The controller 410 may include one or more processors/processing circuitry (CPU, GPU, or other circuitry) and may control each element in the user device 20 to perform functions related to communication control, audio signal processing, graphics processing, control for the audio signal processing, still and moving image processing and control, and other kinds of signal processing. The controller 410 may perform these functions by executing instructions stored in a memory 450. Alternatively or in addition to the local storage of the memory 450, the functions may be executed using instructions stored on an external device accessed on a network or on a non-transitory computer readable medium.

The memory 450 includes but is not limited to Read Only Memory (ROM), Random Access Memory (RAM), or a memory array including a combination of volatile and non-volatile memory units. The memory 450 may be utilized as working memory by the controller 410 while executing the processes and algorithms of the present disclosure. Additionally, the memory 450 may be used for long-term storage, e.g., of image data and information related thereto.

The user device 20 includes a control line CL and data line DL as internal communication bus lines. Control data to/from the controller 410 may be transmitted through the control line CL. The data line DL may be used for transmission of voice data, displayed data, etc.

The antenna 401 transmits/receives electromagnetic wave signals between base stations for performing radio-based communication, such as the various forms of cellular telephone communication. The wireless communication processor 402 controls the communication performed between the user device 20 and other external devices via the antenna 401. For example, the wireless communication processor 402 may control communication between base stations for cellular phone communication.

The speaker 404 emits an audio signal corresponding to audio data supplied from the voice processor 403. The microphone 405 detects surrounding audio and converts the detected audio into an audio signal. The audio signal may then be output to the voice processor 403 for further processing. The voice processor 403 demodulates and/or decodes the audio data read from the memory 450 or audio data received by the wireless communication processor 402 and/or a short-distance wireless communication processor 407. Additionally, the voice processor 403 may decode audio signals obtained by the microphone 405.

The user device 20 may also include a display 420, a touch panel 430, an operation key 440, and a short-distance communication processor 407 connected to an antenna 406. The display 420 may be a Liquid Crystal Display (LCD), an organic electroluminescence display panel, or another display screen technology. In addition to displaying still and moving image data, the display 420 may display operational inputs, such as numbers or icons which may be used for control of the user device 20. The display 420 may additionally display a GUI for a user to control aspects of the user device 20 and/or other devices. Further, the display 420 may display characters and images received by the user device 20 and/or stored in the memory 450 or accessed from an external device on a network. For example, the user device 20 may access a network such as the Internet and display text and/or images transmitted from a Web server.

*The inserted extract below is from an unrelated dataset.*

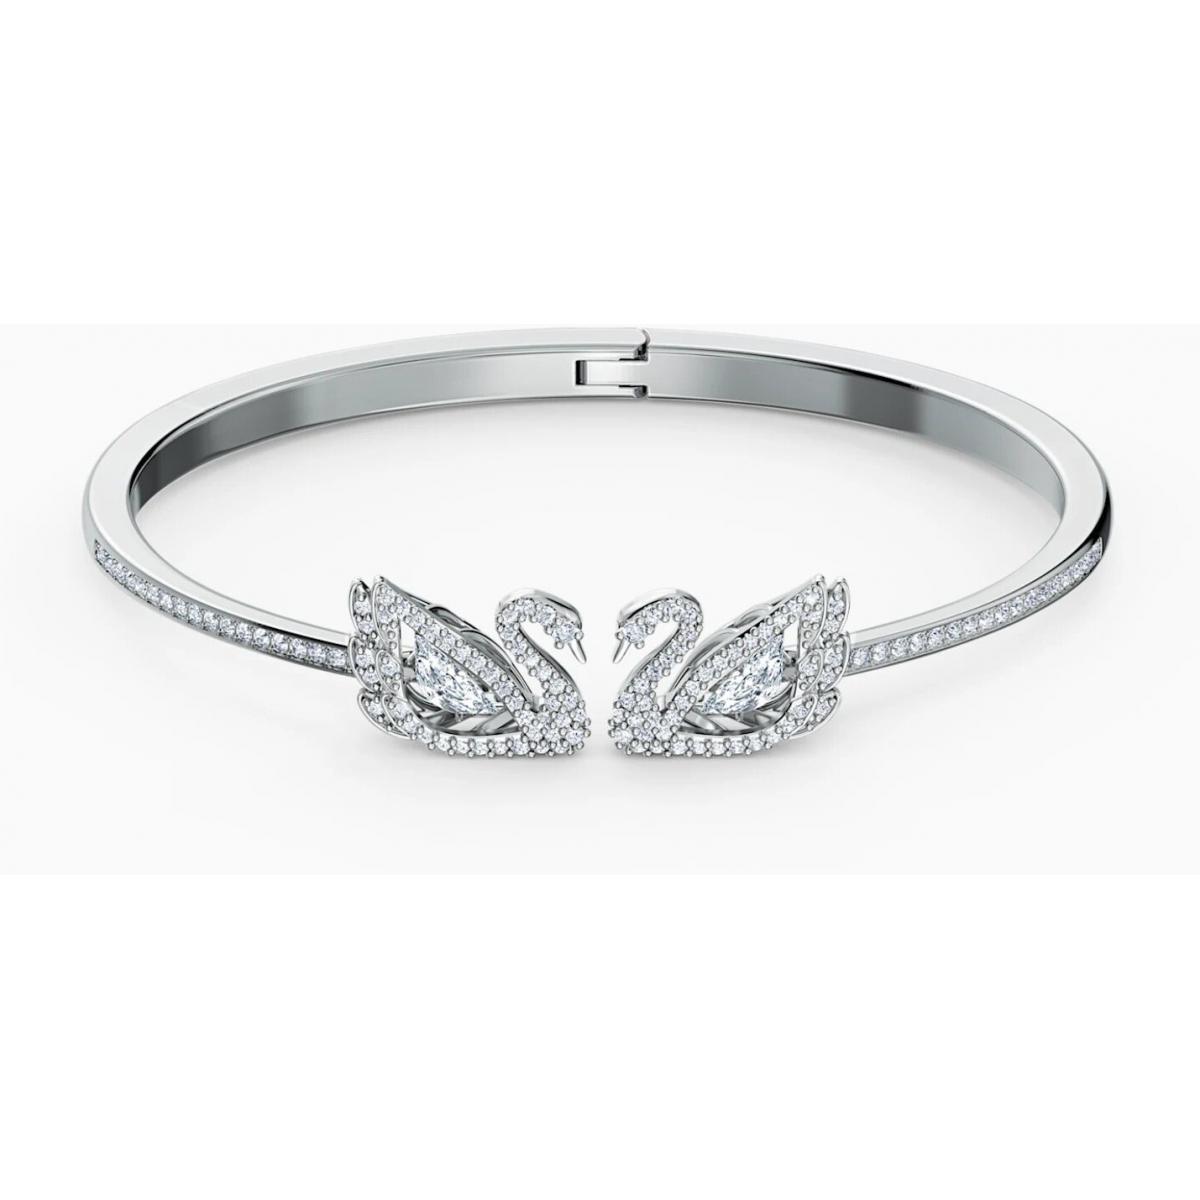 BRACELET Swarovski 5520713 - Bracelet Métal Argenté Cygne Strass blanc Femme

The touch panel 430 may include a physical touch panel display screen and a touch panel driver. The touch panel 430 may include one or more touch sensors for detecting an input operation on an operation surface of the touch panel display screen. The touch panel 430 also detects a touch shape and a touch area. Used herein, the phrase “touch operation” refers to an input operation performed by touching an operation surface of the touch panel display with an instruction object, such as a finger, thumb, or stylus-type instrument. In the case where a stylus or the like is used in a touch operation, the stylus may include a conductive material at least at the tip of the stylus such that the sensors included in the touch panel 430 may detect when the stylus approaches/contacts the operation surface of the touch panel display (similar to the case in which a finger is used for the touch operation).

In certain aspects of the present disclosure, the touch panel 430 may be disposed adjacent to the display 420 (e.g., laminated) or may be formed integrally with the display 420. For simplicity, the present disclosure assumes the touch panel 430 is formed integrally with the display 420 and therefore, examples discussed herein may describe touch operations being performed on the surface of the display 420 rather than the touch panel 430. However, the skilled artisan will appreciate that this is not limiting.

For simplicity, the present disclosure assumes the touch panel 430 is a capacitance-type touch panel technology. However, it should be appreciated that aspects of the present disclosure may easily be applied to other touch panel types (e.g., resistance-type touch panels) with alternate structures. In certain aspects of the present disclosure, the touch panel 430 may include transparent electrode touch sensors arranged in the X-Y direction on the surface of transparent sensor glass.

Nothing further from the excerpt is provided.